According to PlasticsEurope The ?carbon footprint` is an unreliable indicator of environmental sustainability.
In recent years, the ?carbon footprint` has become a popular way of comparing the relative environmental impact of goods, services or industrial activities. Companies have seized on it as a way of building a competitive advantage ("our product has a smaller footprint than yours"), or measuring improvement ("a smaller footprint means a better product"), while environmentally conscious procurers and consumers use it to decide between competing offers. And yet, in practice, simply comparing carbon footprints is rarely fair or scientific. Indeed, as a measure of environmental impact or sustainability, it can be quite misleading. There are three main problems.

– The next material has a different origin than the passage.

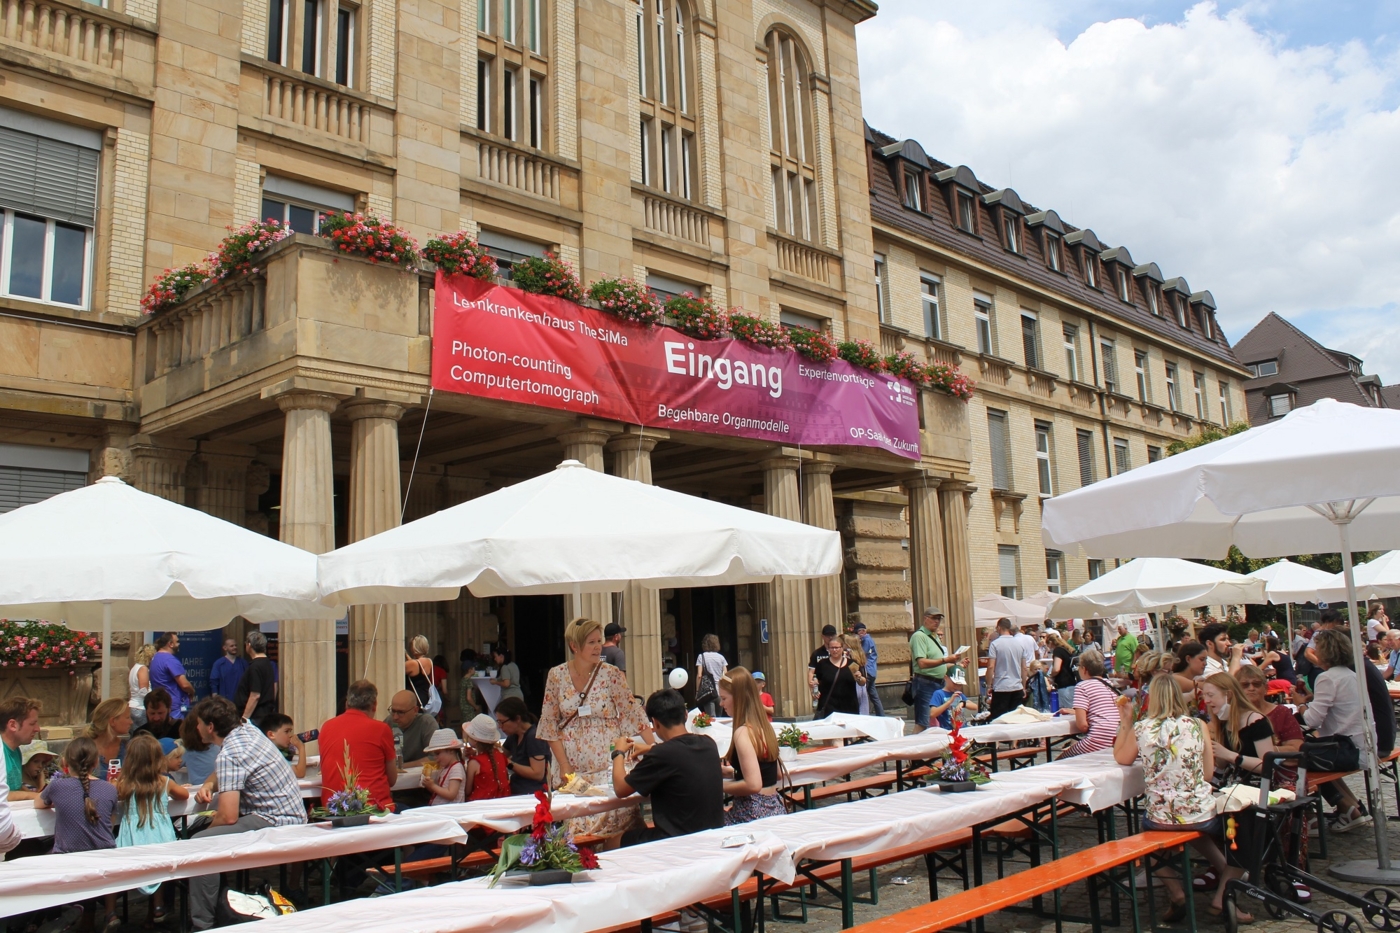 Rund 5.000 Besuchende strömten am 9. Juli zur Universitätsmedizin Mannheim. Es wurde ein Familienfest mit vielen Attraktionen geboten.

The first problem is that many people have only a vague idea of what a carbon footprint is, or means. A carbon footprint measures the amount (expressed in units of CO2 equivalents) of greenhouse gases that enter the atmosphere as the result of a given activity or product. As such, there is nothing wrong with it, and sound environmental accounting methodologies are available for calculating it (ISO 14040, 14044 and 14064).
But the carbon footprint tells us only about carbon emissions; it says nothing about total environmental impact. To get an all-round picture, many other factors - acidification, ozone depletion, energy consumption, soil and water pollution, and more - need to be considered.
Unfortunately, many people simplistically tend to equate carbon emissions with overall environmental impact, although there is no direct correlation between the two. As a result, if people are invited to compare products purely on the basis of their carbon footprints, those who want to "do the right thing" for the environment may be led to make precisely the wrong choices.
The second problem is that the scope of the carbon footprint is usually too narrow. Any genuine measure of a product`s or an activity`s environmental impact needs to encompass its total impact over time, i.e., throughout its entire lifecycle. It also needs to consider the wider context. All too often, however, the calculation of the carbon footprint is limited to the production phase, and takes little or no account of the subsequent use and disposal phases. It also neglects contextual effects.